The list of salespeople is probably interesting to Fabrikam's competitors. It could also be interesting to insiders if layoffs are happening, so the threat of information is significant and needs to be addressed. Don't be lulled into complacency because you can't imagine why someone would want your data. You simply have to assume someone will.
Depending on how large Fabrikam is, and how often the sales force changes, denial of service may not be very important. It's OK (and even sensible) to perform some level of risk analysis when looking at threats. But remember that the further away you are from your customer, the harder it is to know what the customer's tolerance is for different risks. Don't assume too much about your customer's situation or tolerance for risk.
Data Flow 3: Analysis Process to Analysis Store Here we encounter an interesting situation regarding tampering. We have a data flow contained entirely within a trust boundary. In this situation, a hardcore security theorist might say there's absolutely no need to worry about processes entirely within a trust boundary—after all, you trust them.
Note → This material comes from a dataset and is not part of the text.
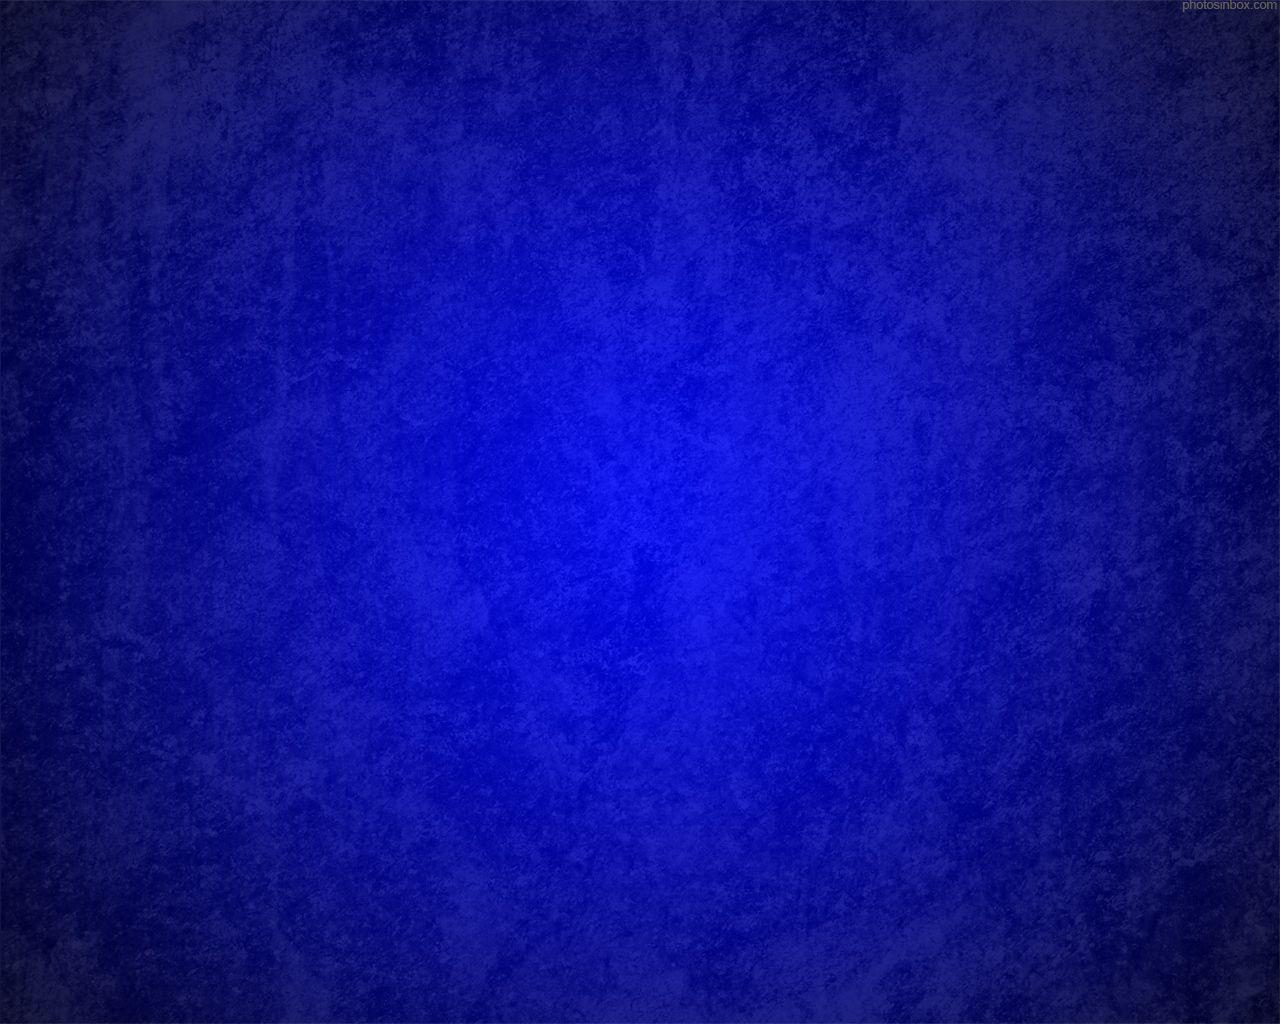 Blue Wallpaper Royal Background

On the other hand, however, a hardcore security practitioner might reply that anything can fail, and this isn't any different. We have sympathy for both views and would resolve the issue in terms of overall priority. Data flow 1 is clearly more exposed than data flow 3, and the effort you spend examining data flow 1 ought to reflect that greater level of exposure. But data flow 3 isn't entirely without risk.
For example, what if the analysis database is stored on another machine? The threat model as written seems to suggest that the collection process is housed on the same machine as the database, but perhaps it's not. Perhaps the modeler made an incorrect assumption, or the decision hasn't yet been made.
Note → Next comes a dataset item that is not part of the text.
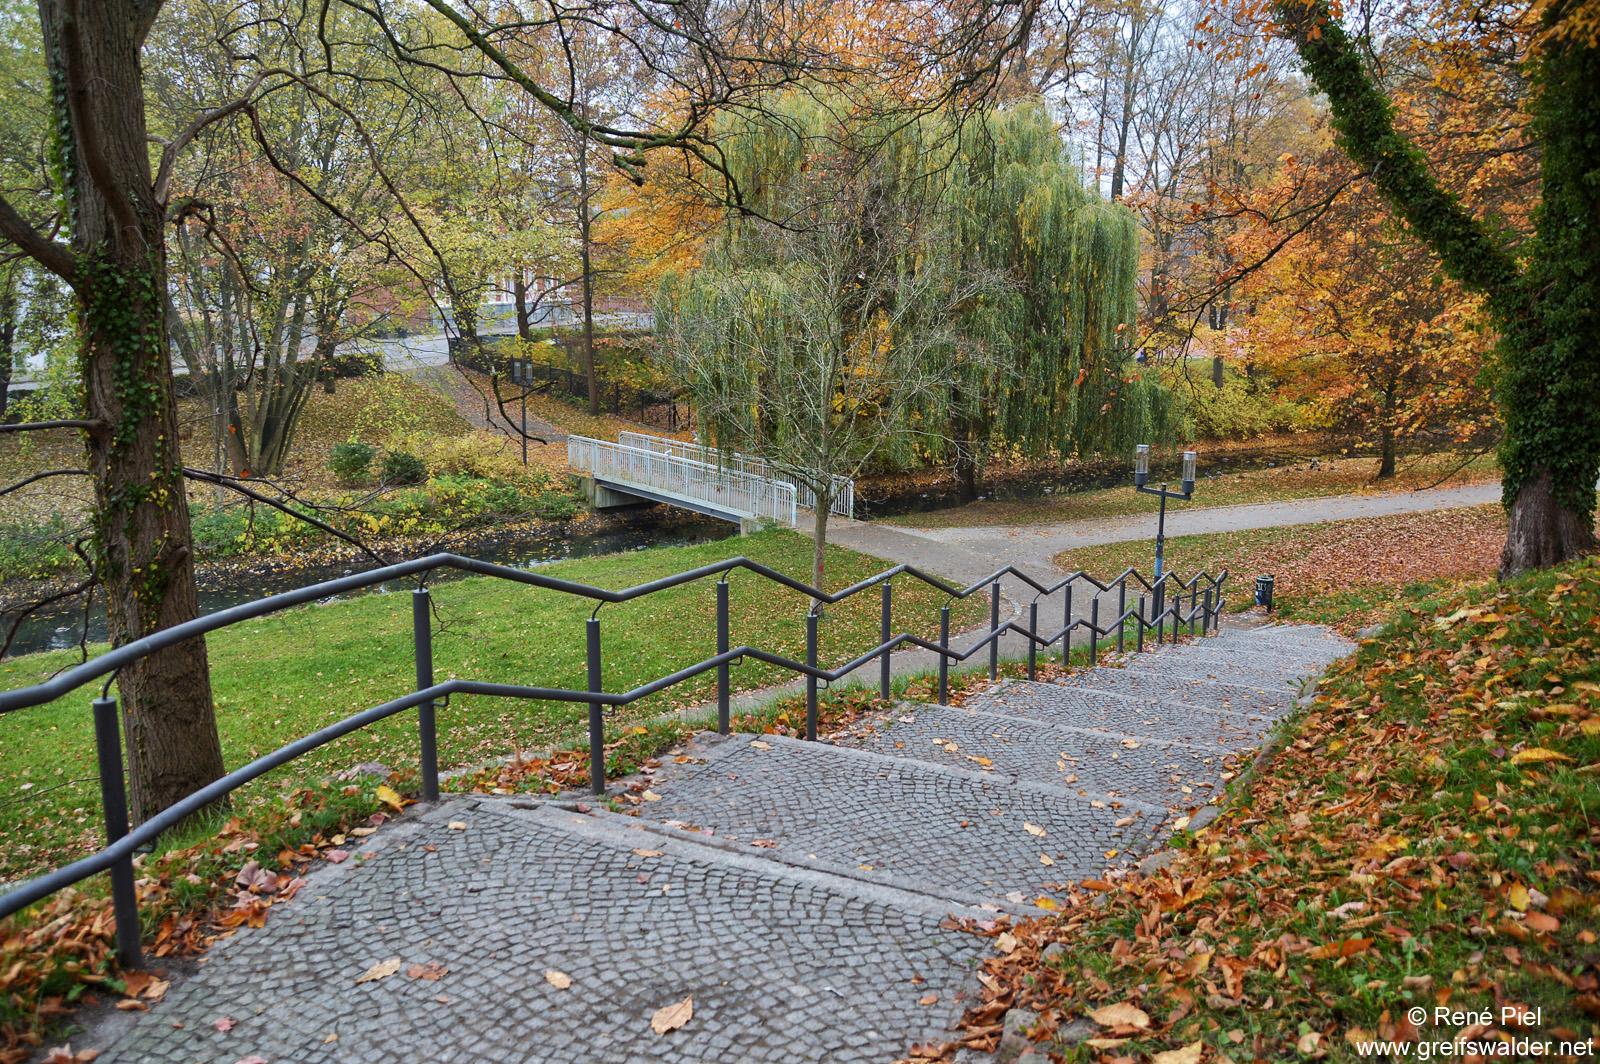 Am Stadtgraben in Greifswald

If it turns out that the analysis database is stored on a remote machine, it's very likely that data flow 4 has a similar threat profile to data flow 1. Finally, even if you can rely on the trust boundary, don't forget that situations change. Defense in depth may be a worthwhile investment.
Information disclosure and denial of service are also threats here. In fact, the situation is the same as with the tampering threat. In other words, is the trust boundary reliably and correctly set? If not, these threats need to be considered.
Now let's look at the data stores.
Data Store 1: Analysis Database This data store is vulnerable to tampering, especially because what's in the database hasn't been fully specified. Is this a sales database that includes order fulfillment and salesperson bonuses? Is it a forecasting database that produces sales predictions? Different data types attract different attackers. Note that attackers may be insiders, not outsiders. They may have legitimate access to the database in order to do their jobs.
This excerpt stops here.